Ну, я ему помогаю… да.
Директор Сандерсон набросился на слова о помощи, как голодный кот на мышь.
— Помогаешь? Кому помогаешь? Чем?
Ари отвела глаза и посмотрела на зеленые холмы, покрытые джунглями.
— Я… помогаю… — Большего она ничего не сказала.
— Ари! Посмотри на меня! Неужели ты не видишь, что с тобой происходит? Ты ничего не помнишь. Как ты можешь кому-то там помогать. И при этом не помнить, что именно ты делаешь? Тебя используют. Ты со временем в овощ превратишься!
Его вспышка вызвала тонкую улыбку на губах Ари. Она поднесла руку к лицу и рассеянно потерла щеку.
— Верно. Иногда я чувствую себя немного странно… — Она отвернулась. Отец взял ее за плечи и вернул к себе.
— Что именно ты чувствуешь? Что ты помнишь? Скажи мне!
— Мне все время хочется спать, я не думаю, моя голова словно ватой набита.
— Ари, — он взял ее за руки, — обещай мне, что больше не пойдешь с ним. Ты должна остановиться, пока не поздно. Обещаешь?
— Хорошо, папа. Если ты хочешь...
— Нет, дорогая. Это не я хочу! Это для тебя нужно, сделай это ради себя. Он уничтожает тебя. Не позволяй ему. Сопротивляйся.
Она неопределенно посмотрела на него; у него не было уверенности, что она его вообще слышит. Тогда он решил зайти с другой стороны.
— Помнишь, ты сказала, что нас скоро спасут? Я тебе поверил.
— Спасут?
— Ты сказала, что Спенсер знает, где мы, он придет и освободит нас. Ты же знала, что говоришь. Я думаю, он уже идет.
— Кто идет, папа?
— Спенс Рестон! Спенс идет!
Ари смотрела на отца пустыми, непонимающими глазами, как будто он вдруг заговорил на иностранном языке.
— Кажется, я не знаю, о ком ты говоришь.
— Спенс! Твой Спенс — доктор Рестон. Разве ты не помнишь? — На лице девушки не дрогнул ни один мускул. Директор Сандерсон отшатнулся, и ушел в комнату, как человек, оглушенный ударом. Постоял, упал на кровать, обхватил голову руками и заплакал.
Солнце ярко-красным гонгом взошло над зелеными холмами. Трое усталых путников обрадовались ему. Они всю ночь шли через густой подлесок, устали и изрядно проголодались, поскольку не ели с тех пор, как их выгнали из лагеря бандитов, посчитав за колдунов.
Они не так обрадовались солнцу, предвещавшему тяжелый жаркий день, как заурядной дороге, усеянной камнями.
— Вот она! — вскричал Гита. — Нашли!
Толстяк пробежал сквозь редеющие кусты и выскочил на старое шоссе. Он упал на колени и поцеловал выжженную солнцем поверхность, как первобытный мореплаватель, наконец оказавшийся на берегу.
— Наконец-то, старая ты плутовка, мы снова встретились, — ликовал Гита. Аджани и Спенс с удовольствием наблюдали за происходящим. — Ну разве это не чудесное зрелище? — вопрошал Гита. — Дорога вообще отличная вещь.
— Все лучше, чем бродить по джунглям, — сдержанно согласился Спенс. Он посмотрел на север, на близкую горную страну. Вершины отдельных гор уже озарились солнцем, а подножия все еще пребывали в тени. — Как думаешь, далеко до них?
Аджани склонил голову набок, подумал и сказал:
— Конечно, уверенности у меня нет, но я думаю, что в той стороне Силигури[5]. До него примерно сотня километров к северу, Дарджилинг — раза в полтора дальше.
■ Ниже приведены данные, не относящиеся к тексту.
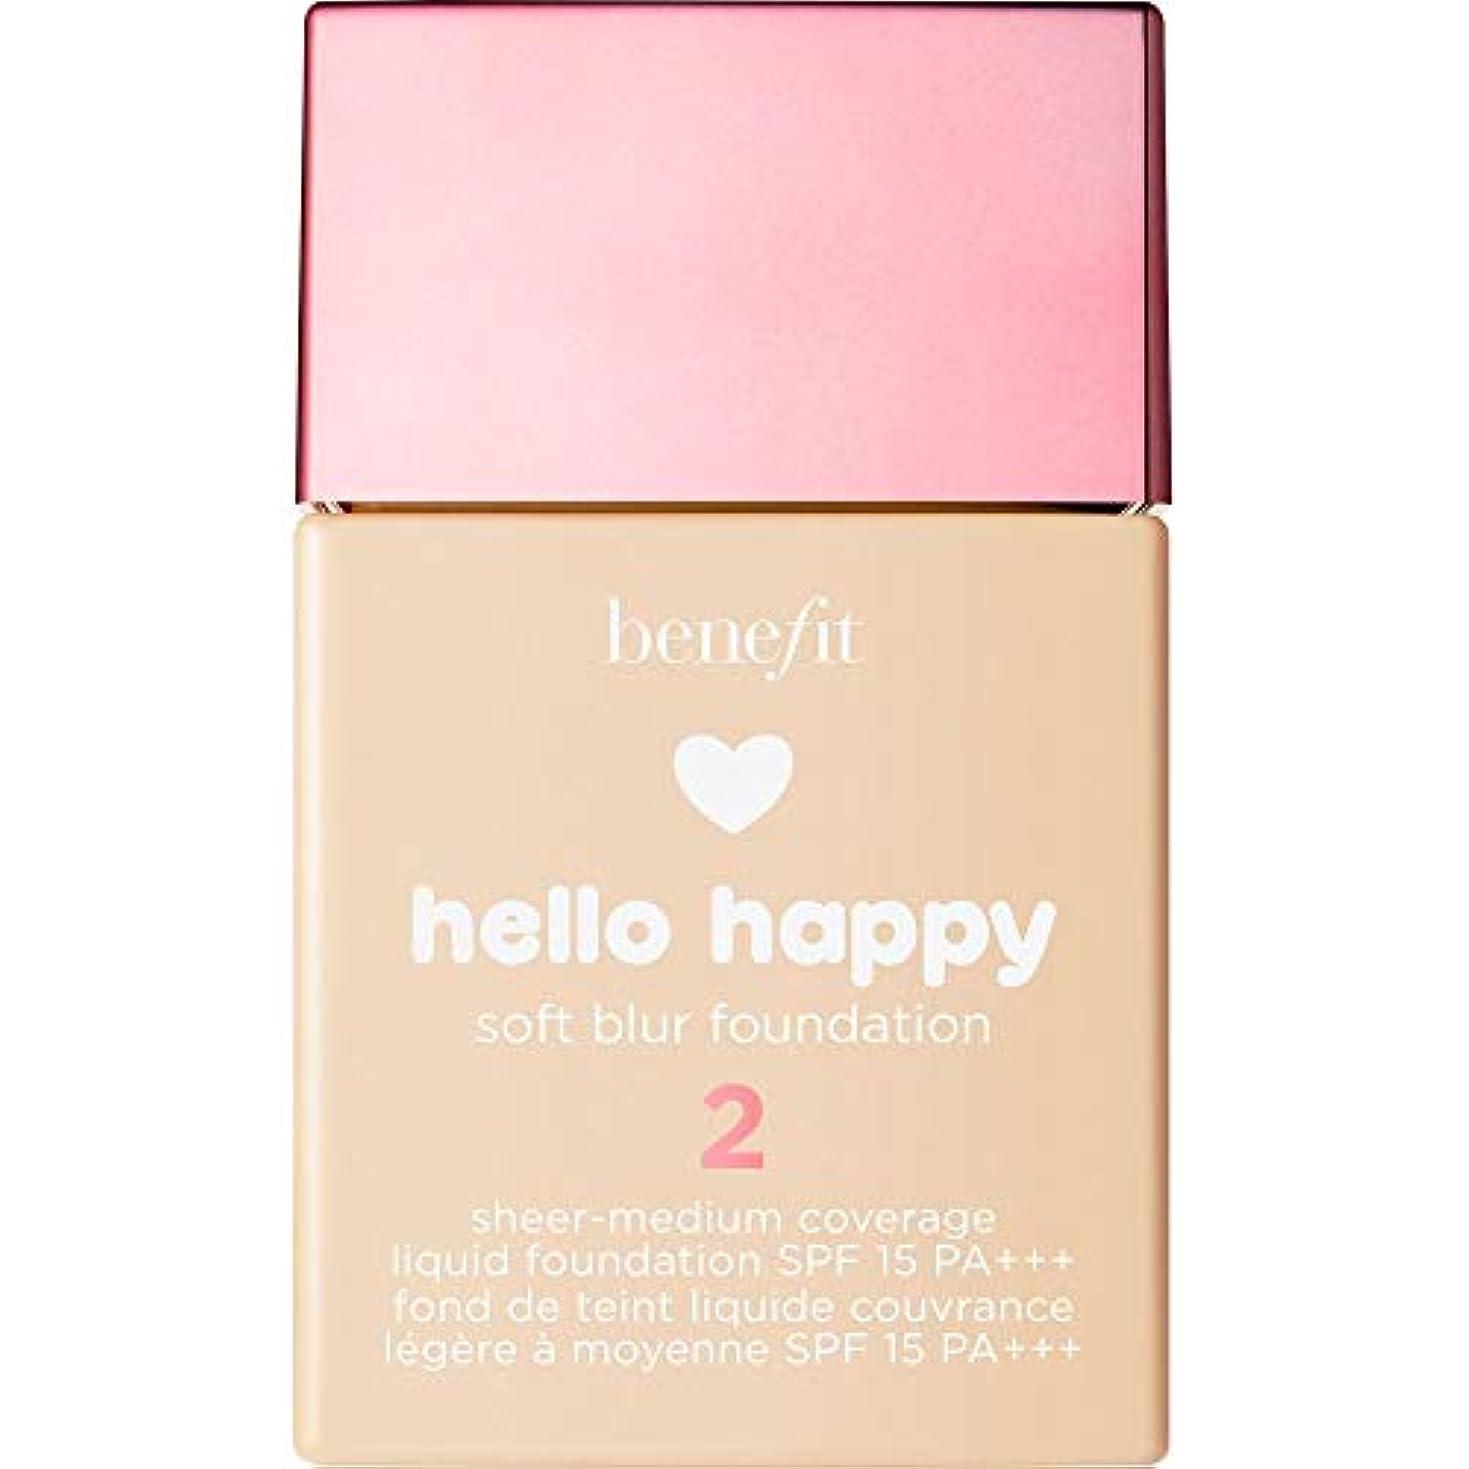 影響を受けやすいです診療所キリスト[Benefit ] こんにちは幸せなソフトブラー基礎Spf15 30ミリリットル2に利益をもたらす - 暖かい光 - Benefit Hello Happy Soft Blur Foundation SPF15 30ml...
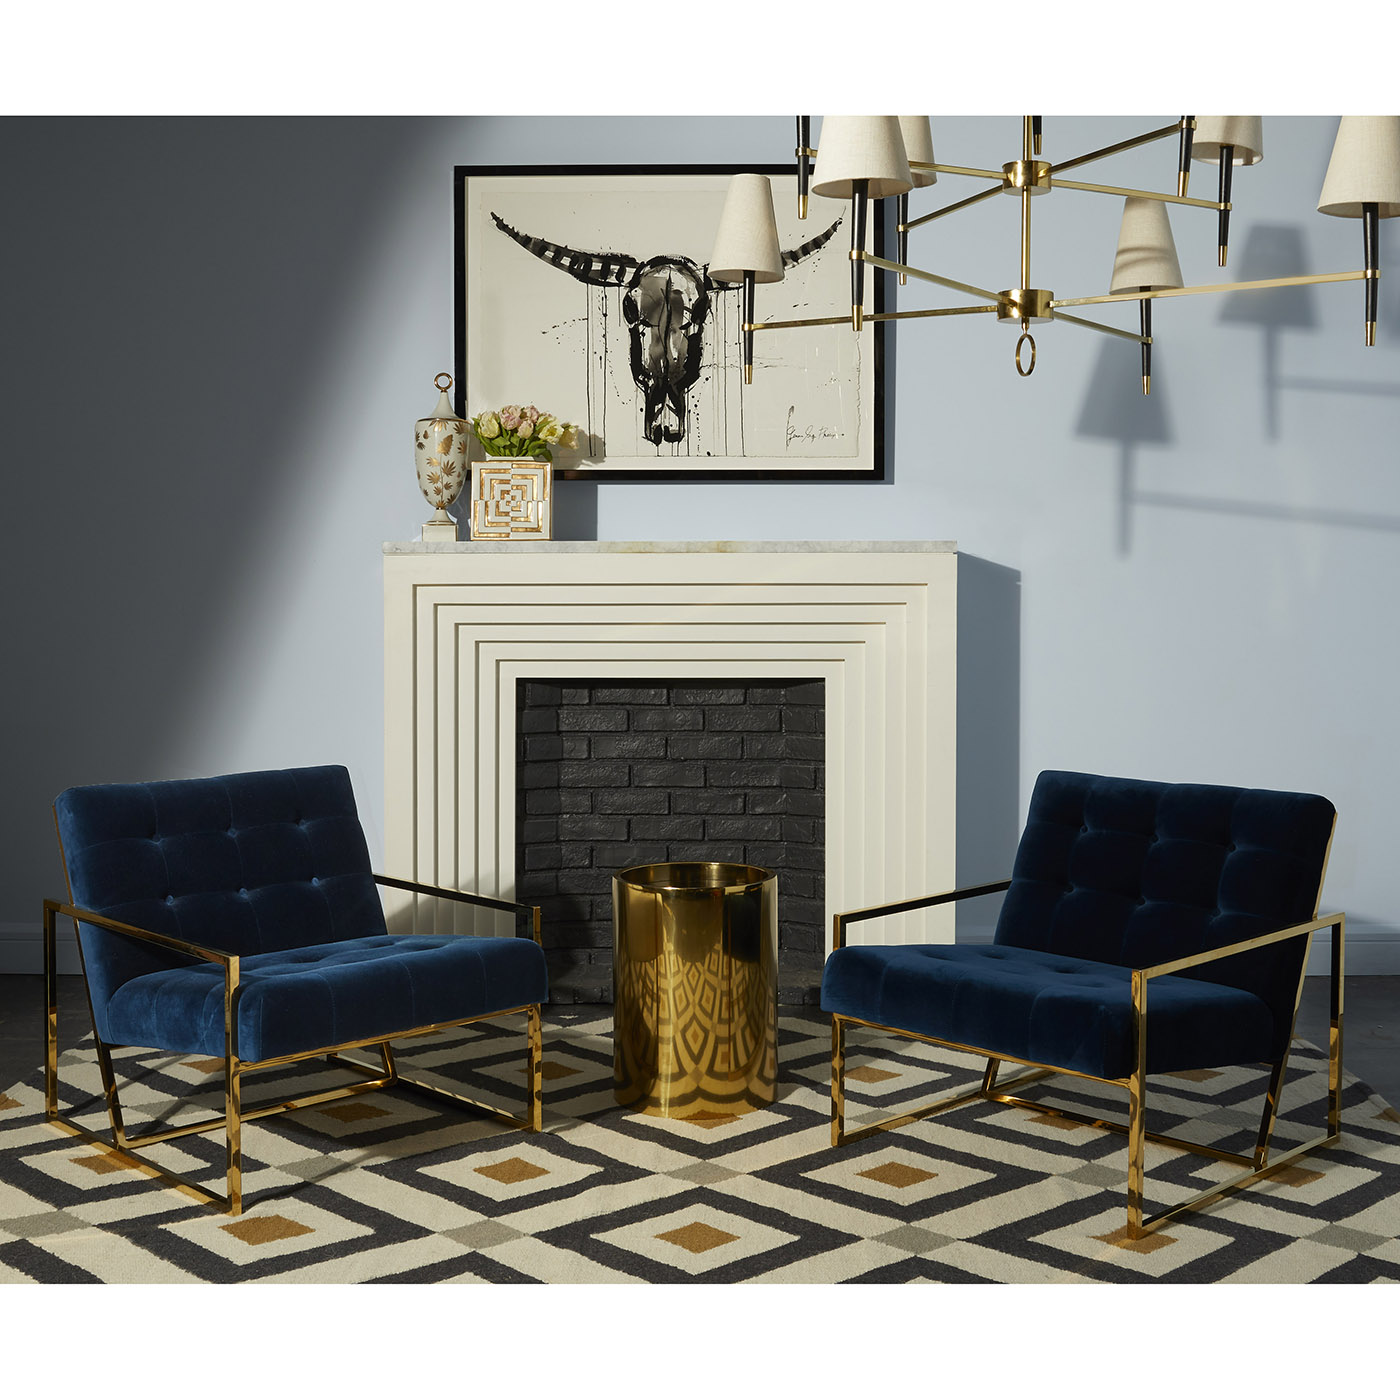 jonathan adler Jonathan Adler: Modern Chairs in a Mid-Century Modern Style Jonathan Adler Modern Chairs in a Mid Century Modern Style 4

— И дорога будет все время подниматься, — уточнил Гита.
— Есть шанс поймать попутку?
— Сомнительно. Машины есть только в караванах торговцев. Наш караван, скорее всего, вернулся. А если они решили идти дальше, то уже там.
Спенс, прищурившись, смотрел вдаль.
— Ну, раз так, выбора у нас нет. Идем пешком.
Гита тяжело вздохнул.
— Ну что ж, мы с дорогой старые друзья. К тому же мне всегда хотелось посмотреть на горы вблизи.
Они зашагали по дороге. Спенс заметил, что воздух здесь не такой тяжелый, как в джунглях, и влажность поменьше. Это и понятно. Они же поднимаются, а даже в предгорьях воздух слегка разряженный. Свежесть несколько оживила его, прочистив усталый разум и взбодрив упавший дух.
Дорога позволяла расслабиться и отпустить сознание в свободное плавание. Неудивительно, что мысли его обратились к предстоящей схватке с Похитителем снов. Он не знал, что будет, когда они доберутся до места, даже предположить не осмеливался. На данный момент вполне хватало того, что между ним и его врагом оставалось еще много километров. Пока он чувствовал себя в относительной безопасности, хотя помнил, что Похититель снов способен преодолевать астрономические расстояния, чтобы коснуться тех, кого он выбрал. Что может его остановить? И даже если его самого там не окажется, то остаются его приспешники.
Спенсу казалось в высшей степени странным, что он сам по своей воле направляется прямо в логово Похитителя снов, к неминуемой гибели. Но вот же, именно это он и делает. В конце концов, он понял, ничего другого ему просто не остается.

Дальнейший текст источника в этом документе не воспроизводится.